[Opening PROVIDED RECORDS section]

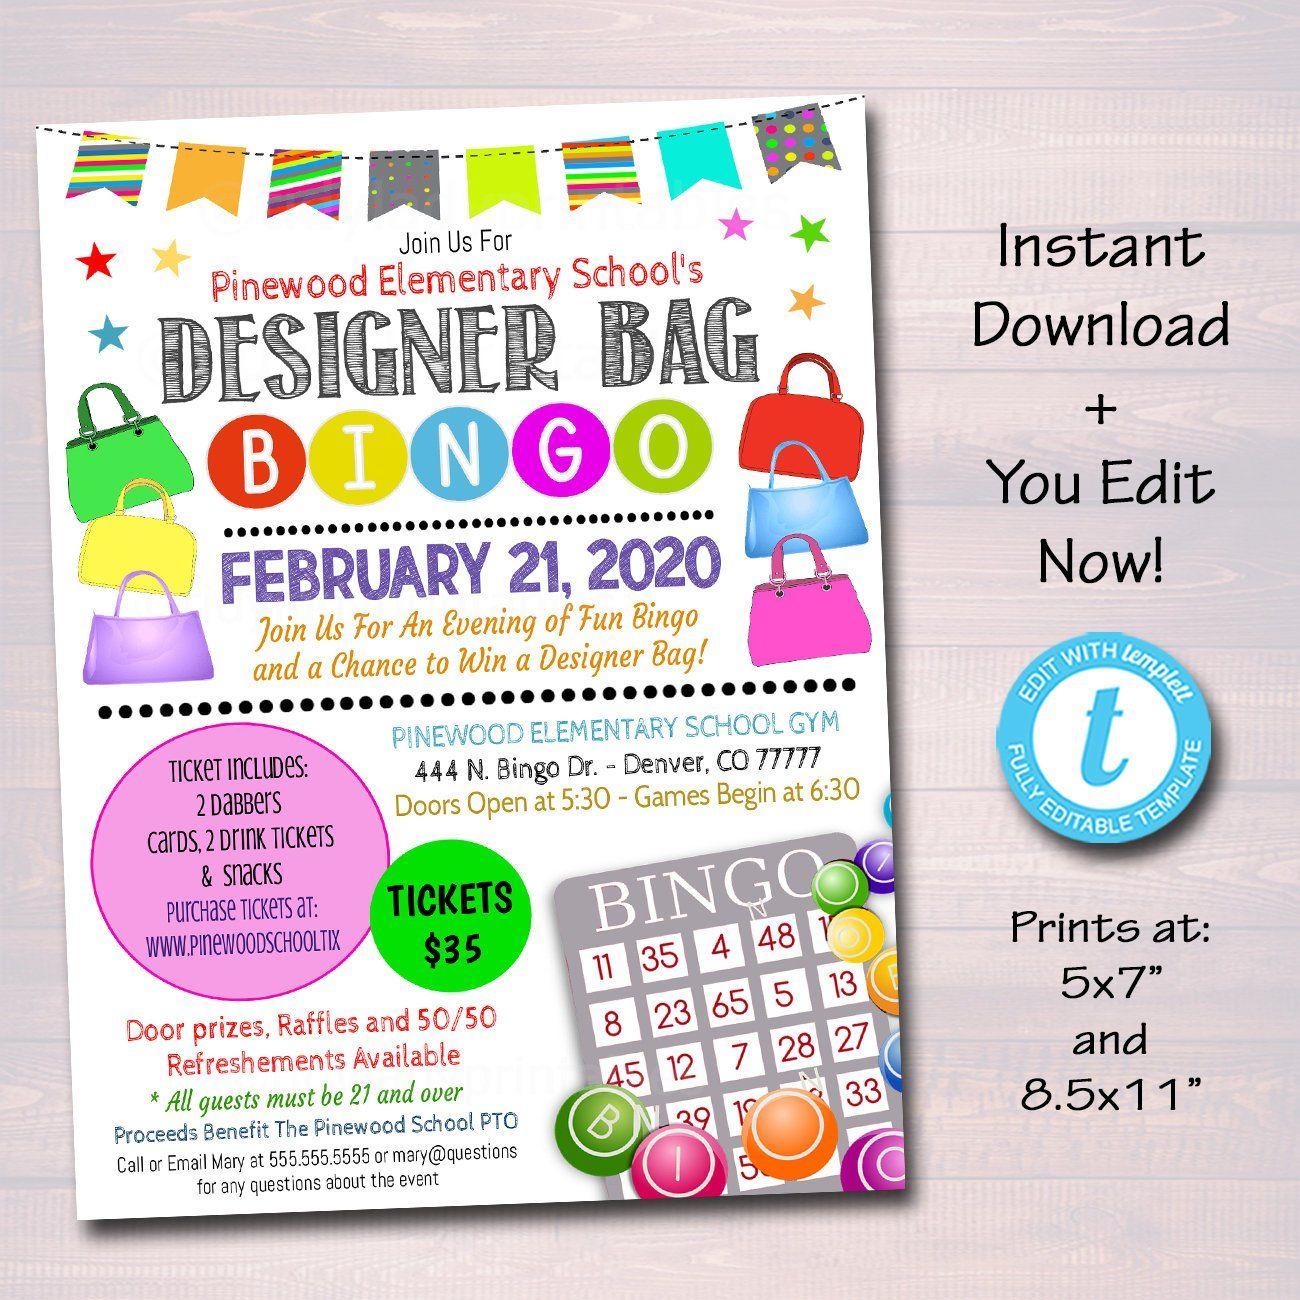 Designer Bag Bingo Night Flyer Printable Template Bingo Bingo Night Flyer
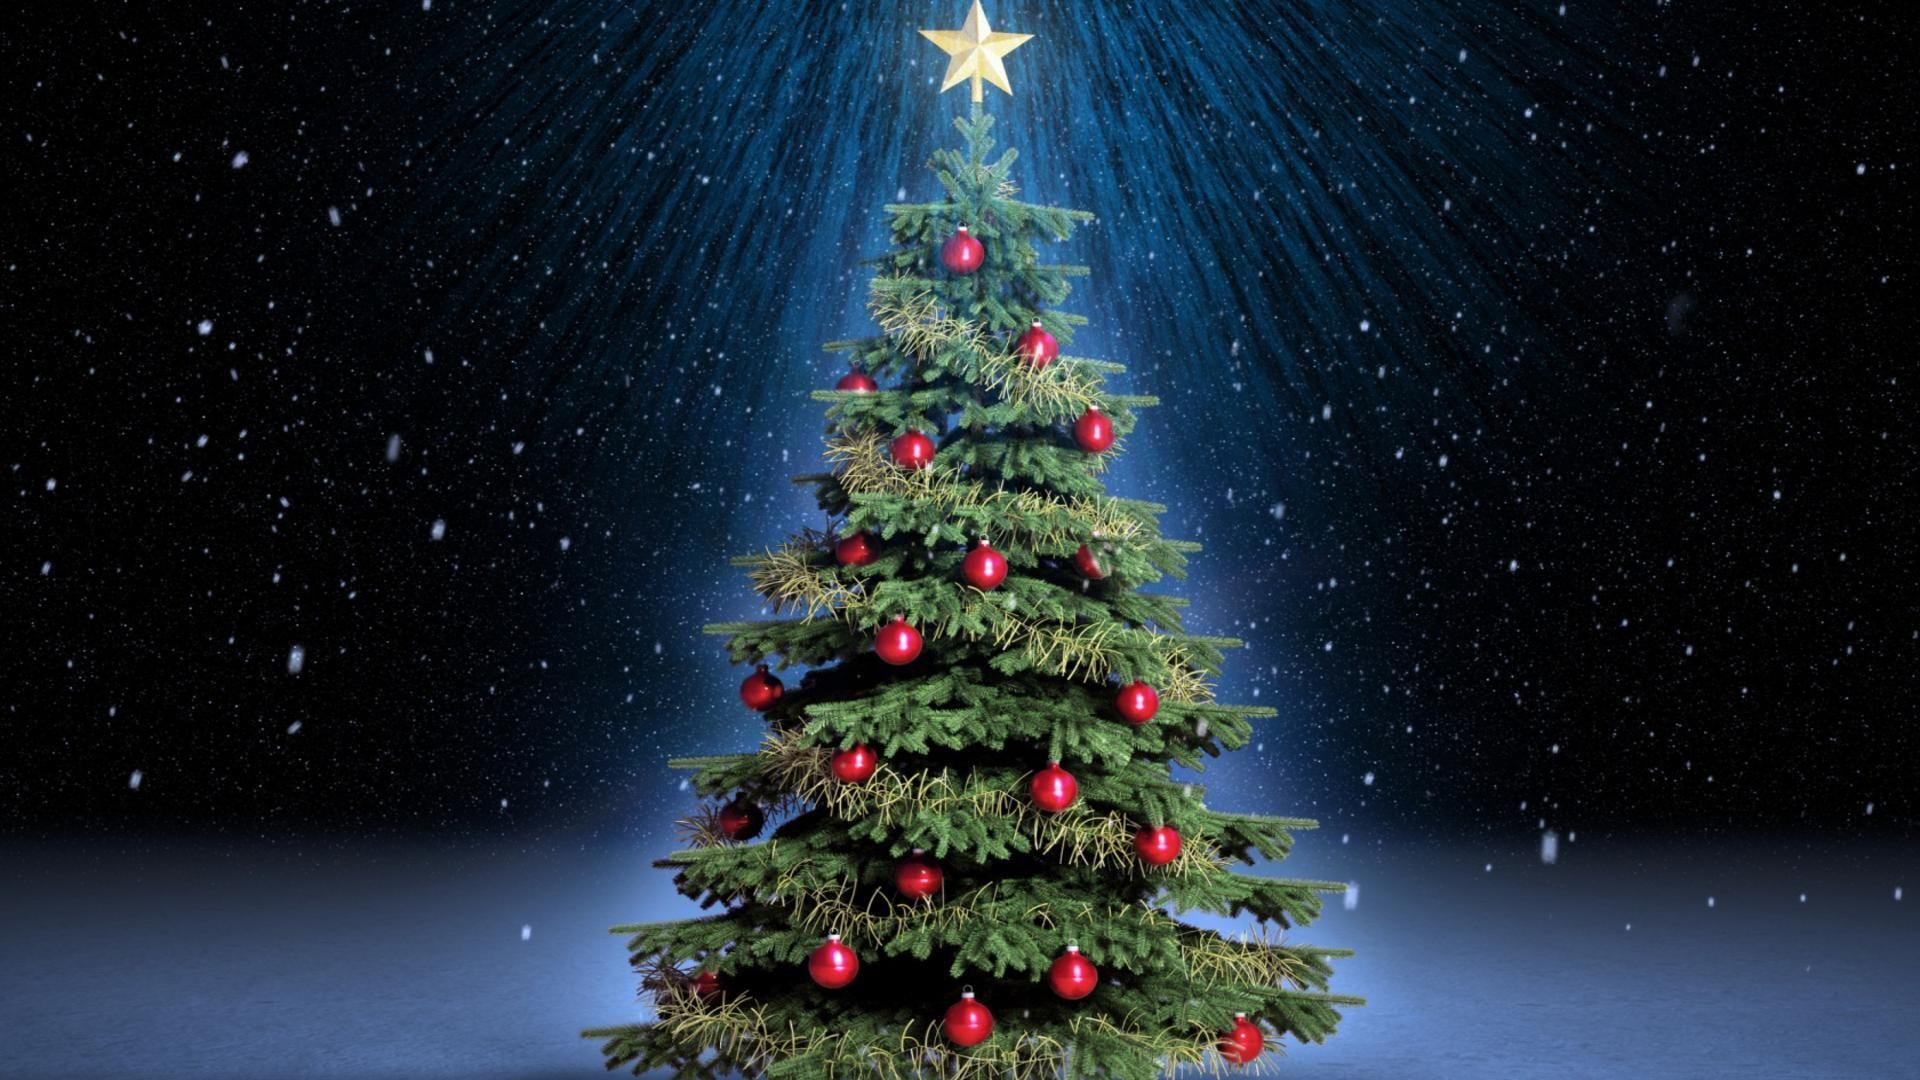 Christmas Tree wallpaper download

[Closing PROVIDED RECORDS section]
[Opening PROVIDED RECORDS section]

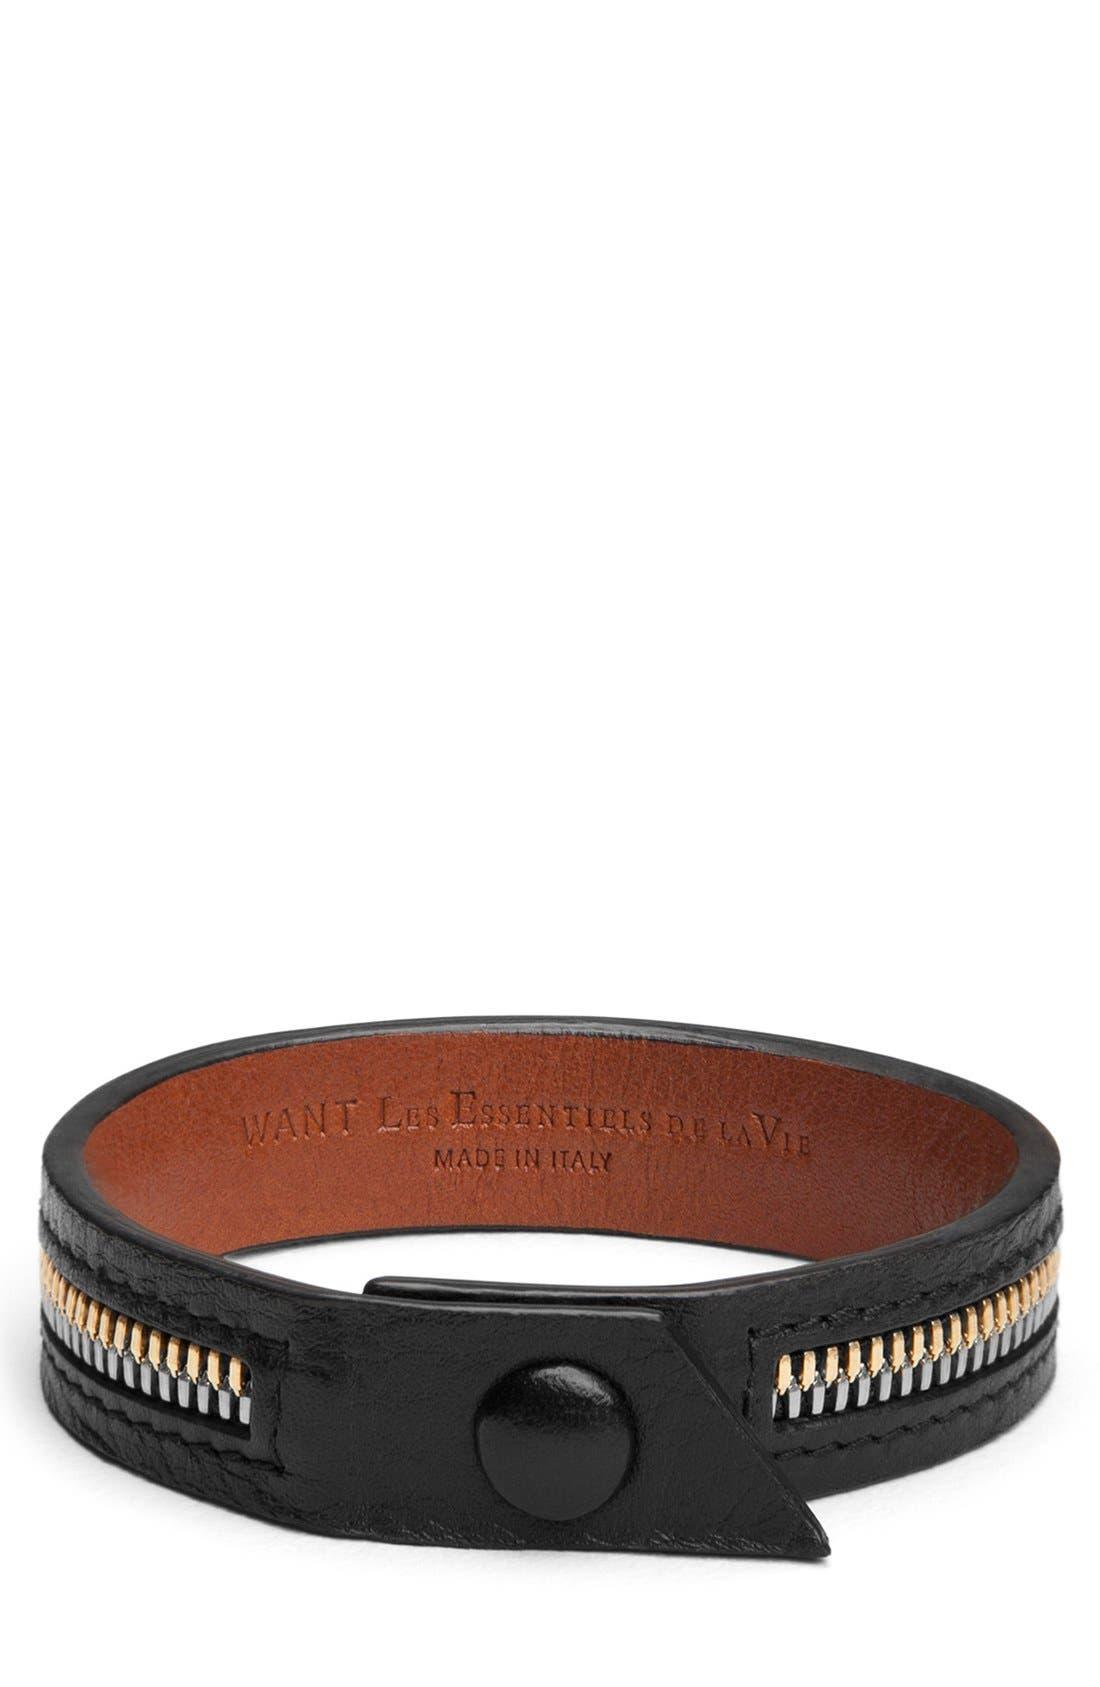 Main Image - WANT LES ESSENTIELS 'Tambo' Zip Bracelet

[Closing PROVIDED RECORDS section]
[Opening PROVIDED RECORDS section]

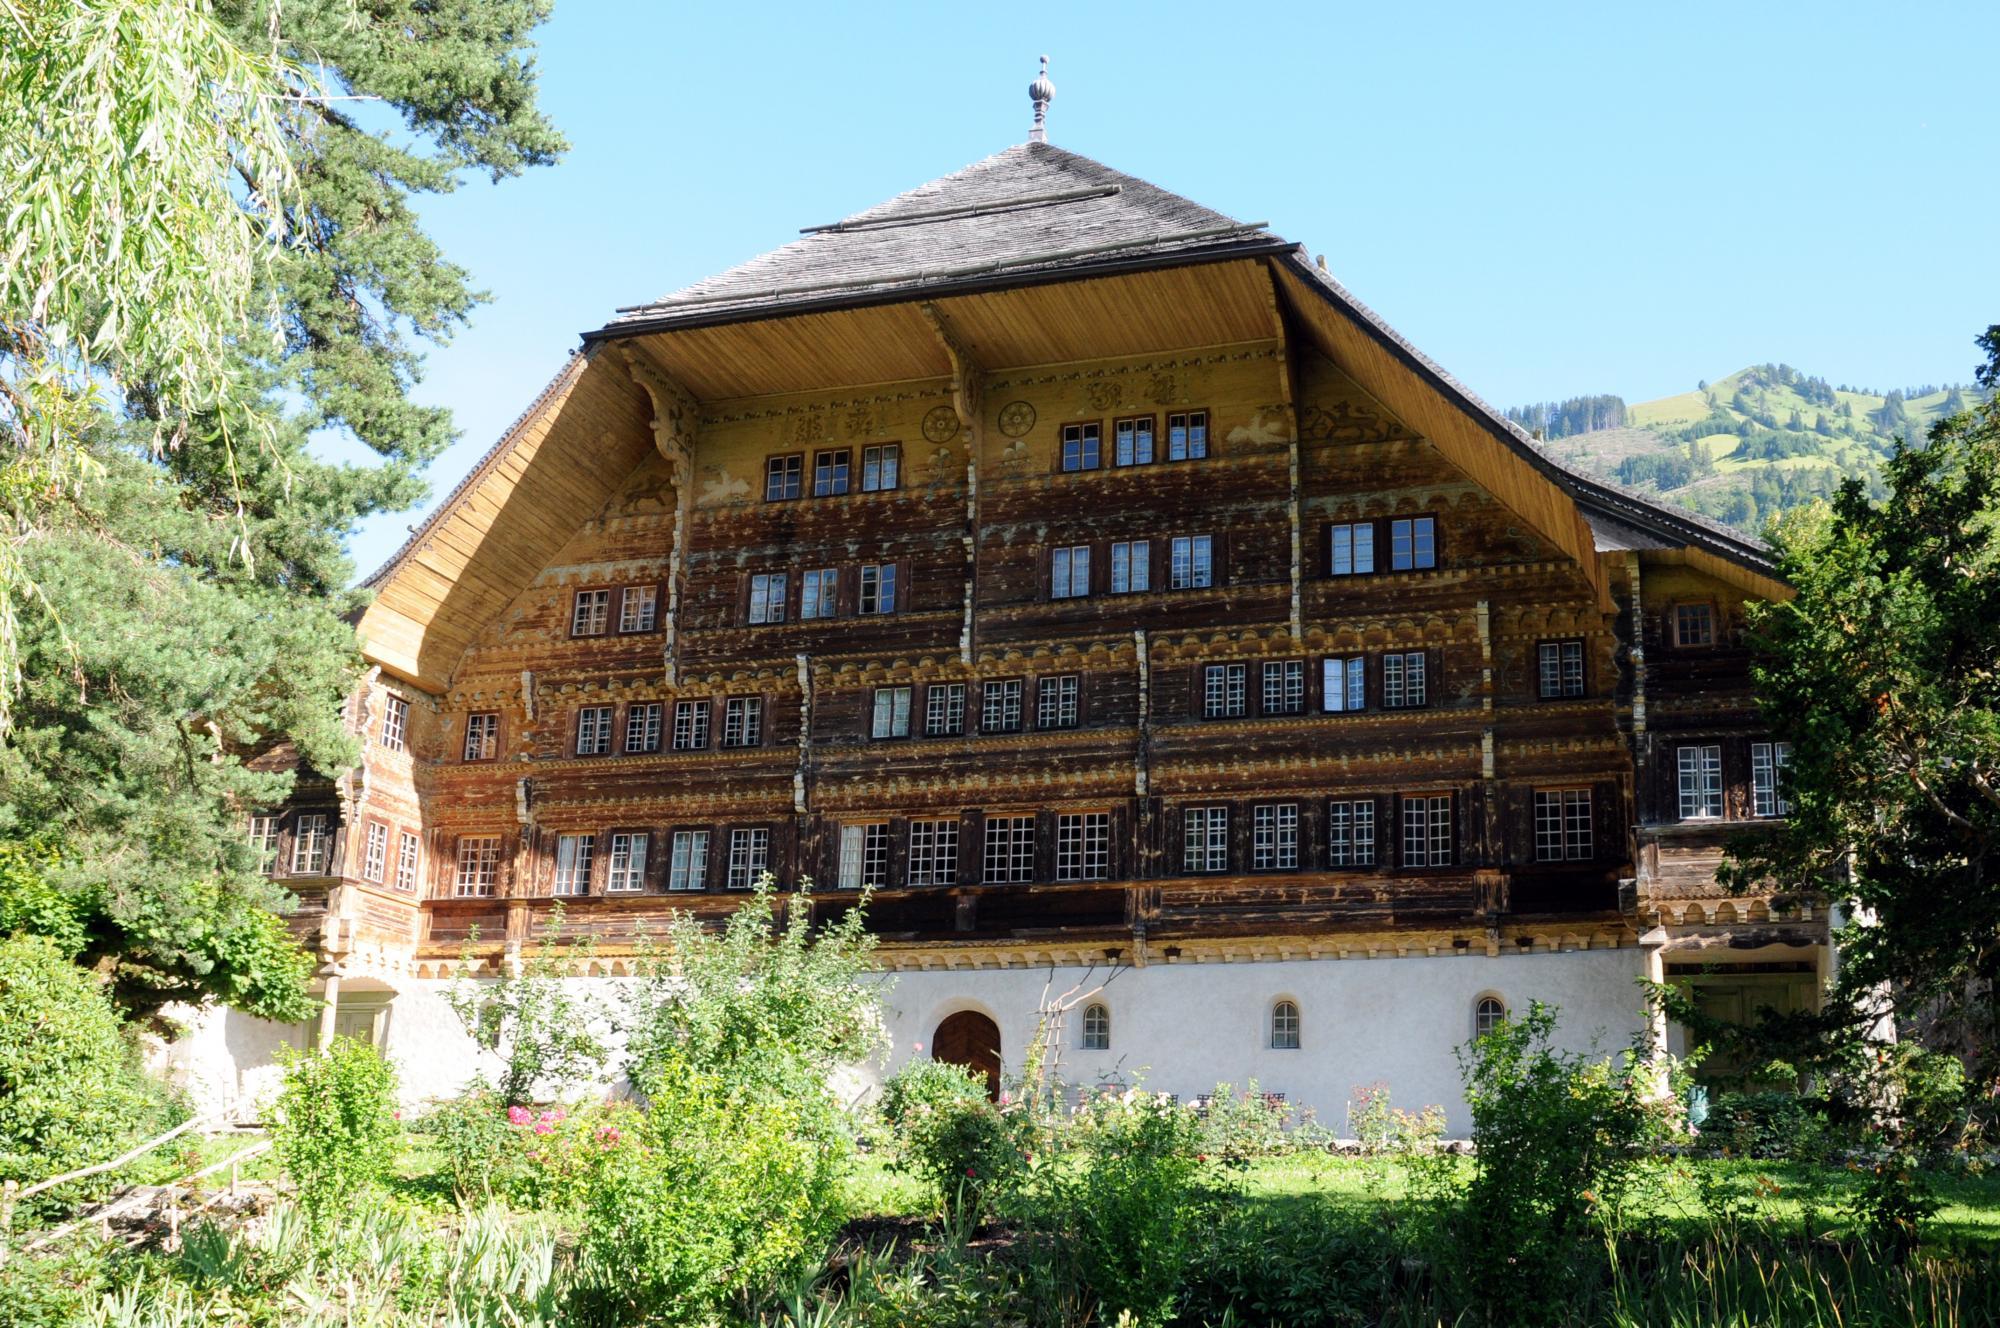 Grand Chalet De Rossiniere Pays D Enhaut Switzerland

[Closing PROVIDED RECORDS section]

From the records above, copy exactly the lines starting at the one with "Designer Bag Bingo" and ending at the one with "Christmas Tree wallpaper download", and no others. Pictures stay out.

 Designer Bag Bingo Night Flyer Printable Template Bingo Bingo Night Flyer
 Christmas Tree wallpaper download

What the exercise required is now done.